Testing with caching enabled: Always pass --direct=1 to fio, or you are benchmarking RAM speed instead of the storage device.
Insufficient runtime: Anything under 30 seconds is too short to capture steady-state behavior. Queue dynamics, thermal effects, and write throttling all need time to stabilize.
Test data smaller than RAM: fio test sizes must exceed system memory to avoid page cache amplification of read numbers.
Single test runs: Always run benchmarks three or more times and evaluate consistency, not just peak values.
Benchmarking during deployment: Run on a clean, idle system, never while configuration management, package updates, or backups are running.
Ignoring filesystem overhead: For the most accurate disk numbers, benchmark against a raw block device when possible — see Choosing a Filesystem.

12. Comparing Across Providers or Plans

When comparing benchmarks across providers, use identical command parameters and similar instance sizes. Document everything:

vCPU count and model (lscpu)
Total RAM (free -h)
Advertised storage type (NVMe, SATA SSD, network block storage)
Geographic region or datacenter
Test timestamps, since load varies by time of day
Kernel version (uname -r) and OS release (cat /etc/os-release)

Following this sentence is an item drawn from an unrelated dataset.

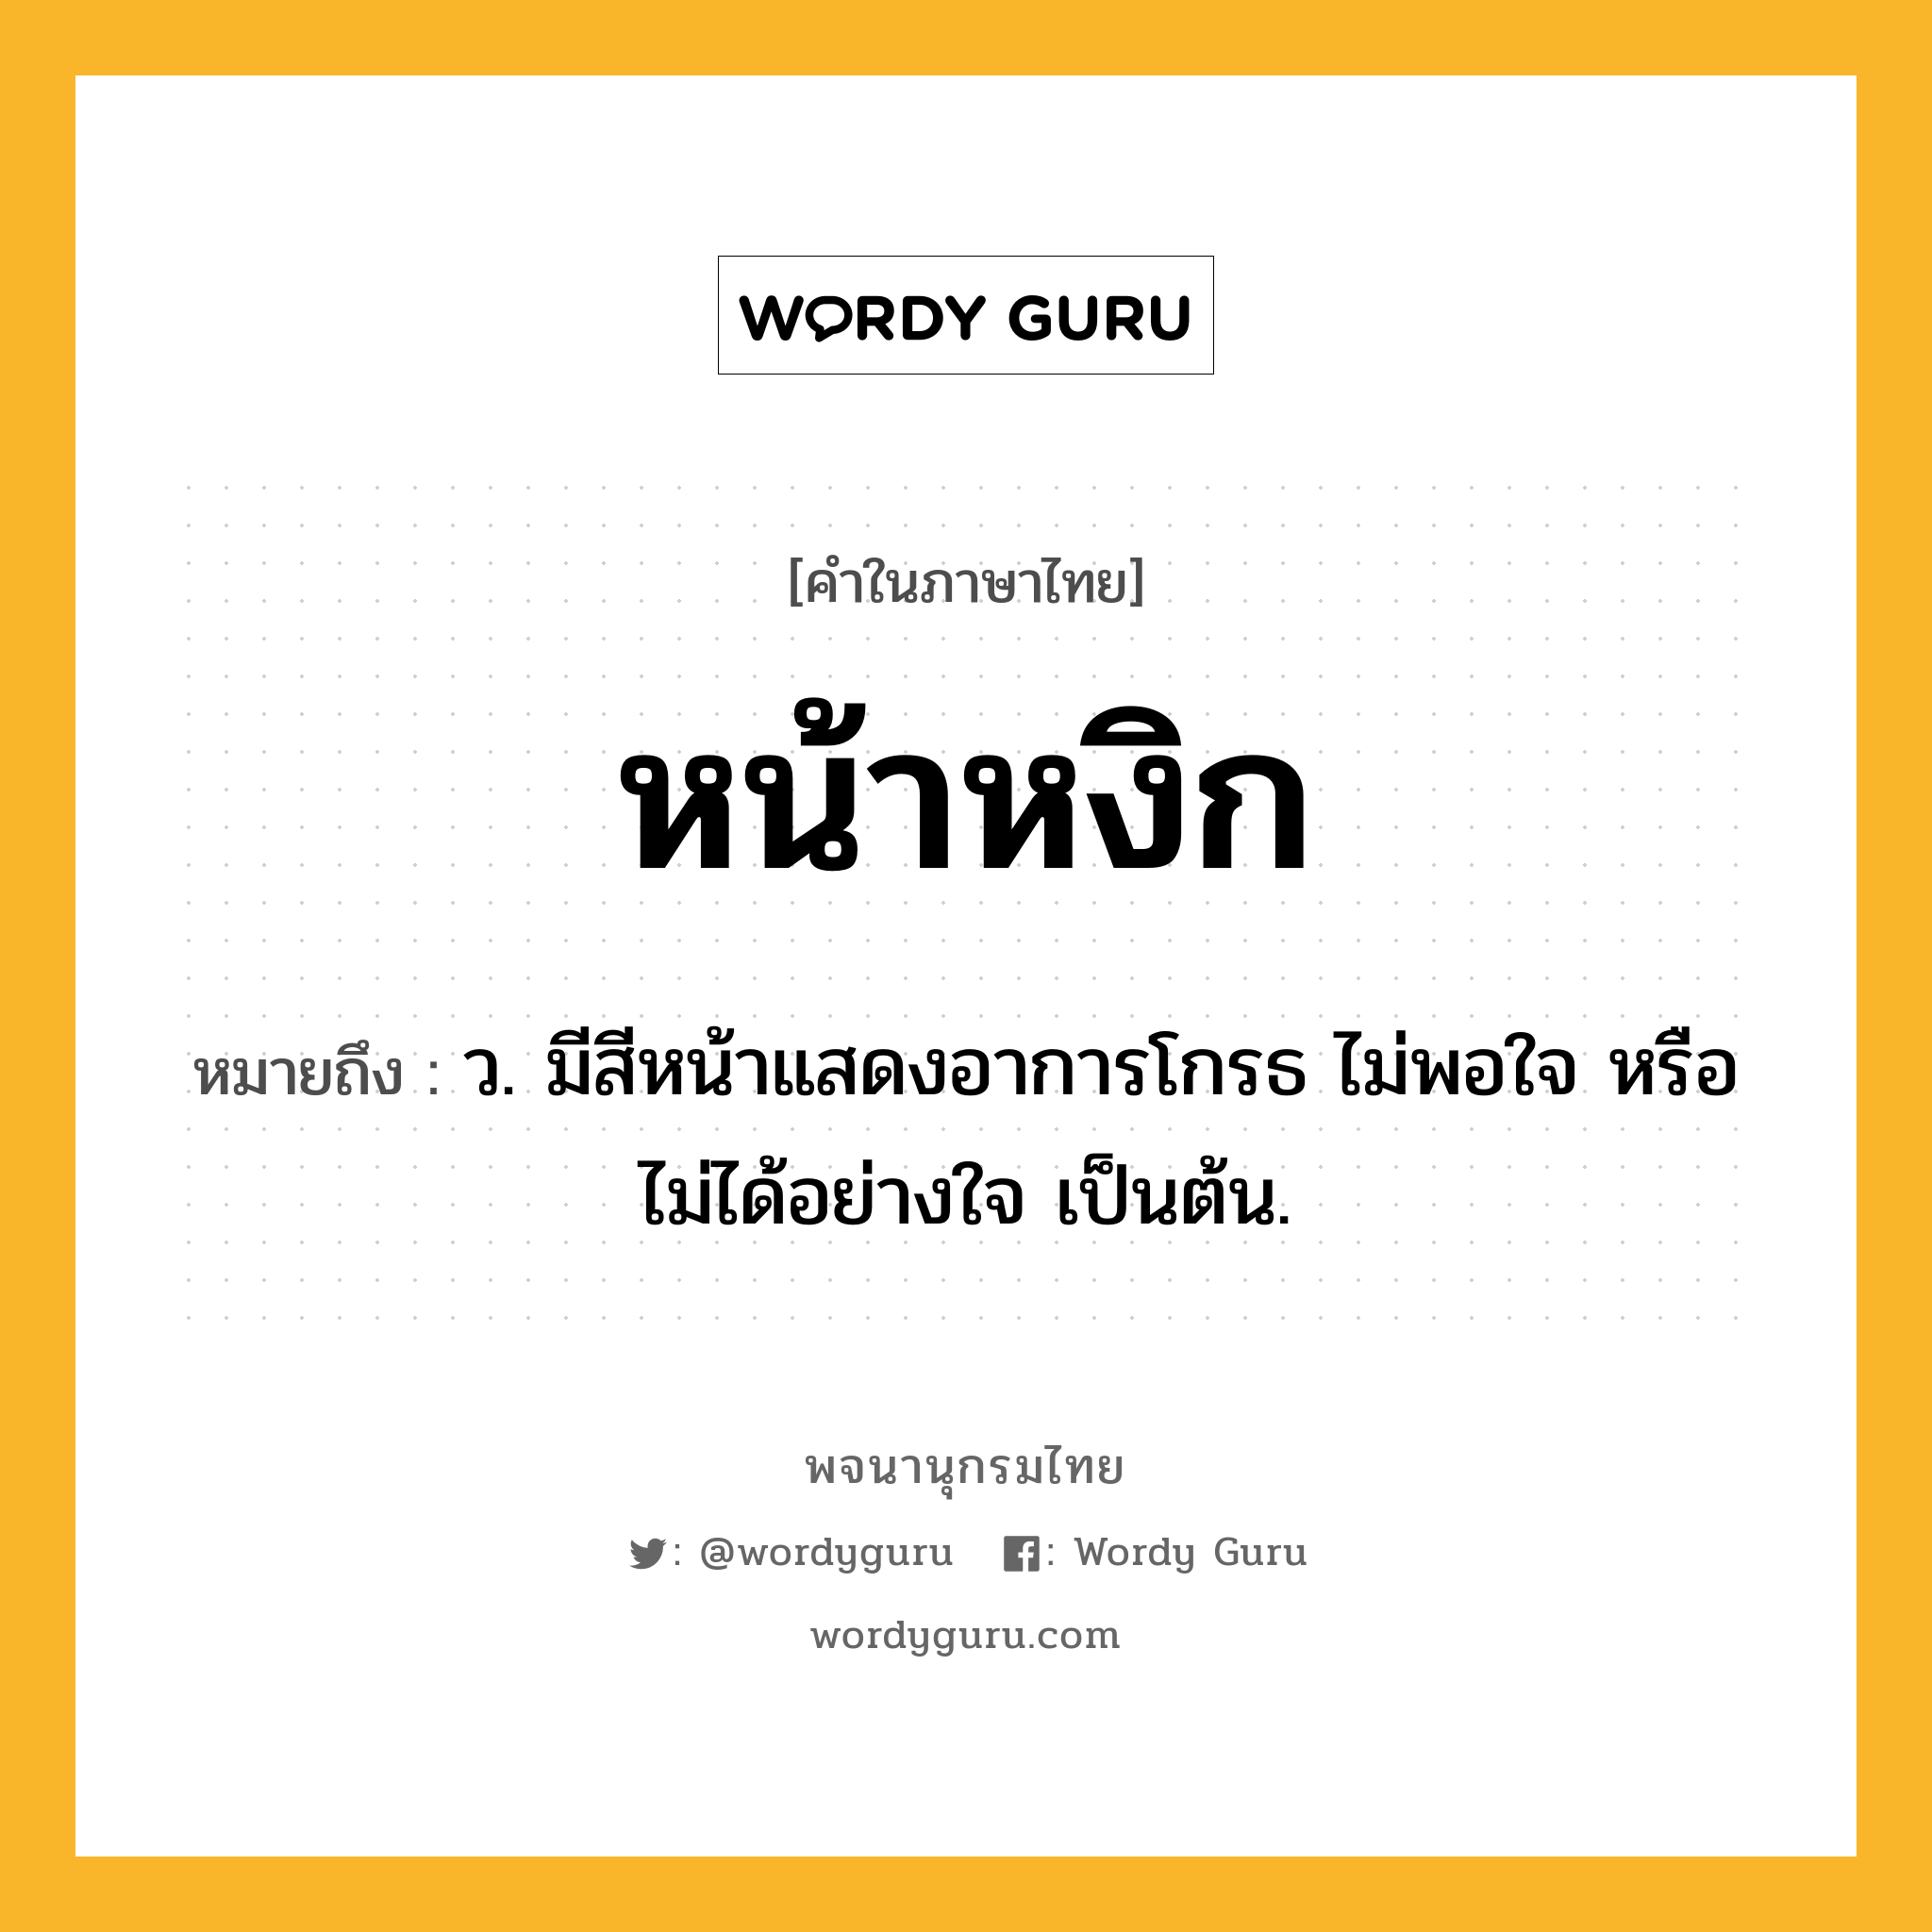 หน้าหงิก หมายถึงอะไร?, คำในภาษาไทย หน้าหงิก หมายถึง ว. มีสีหน้าแสดงอาการโกรธ ไม่พอใจ หรือไม่ได้อย่างใจ เป็นต้น.

A spreadsheet with rows per provider and columns for each metric makes the comparison auditable when you revisit it months later.

13. Next Steps

After establishing baseline numbers, save them alongside your instance documentation. Re-run the same suite periodically and compare. Significant drift, particularly in random I/O latency or sustained CPU throughput, can signal host hardware issues or increased neighbor density and may justify opening a ticket or migrating to a different node.

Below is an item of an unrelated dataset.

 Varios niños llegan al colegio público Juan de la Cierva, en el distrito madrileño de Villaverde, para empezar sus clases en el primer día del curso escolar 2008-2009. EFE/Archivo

For workload-specific benchmarking, consider following up with:

pgbench for PostgreSQL workloads
sysbench oltp for MySQL or MariaDB
wrk or k6 for HTTP application performance
iperf3 for network throughput between instances
redis-benchmark for Redis workloads

Synthetic benchmarks give you a baseline. Application-level benchmarks tell you whether the instance will actually handle what you are about to put on it. Run both.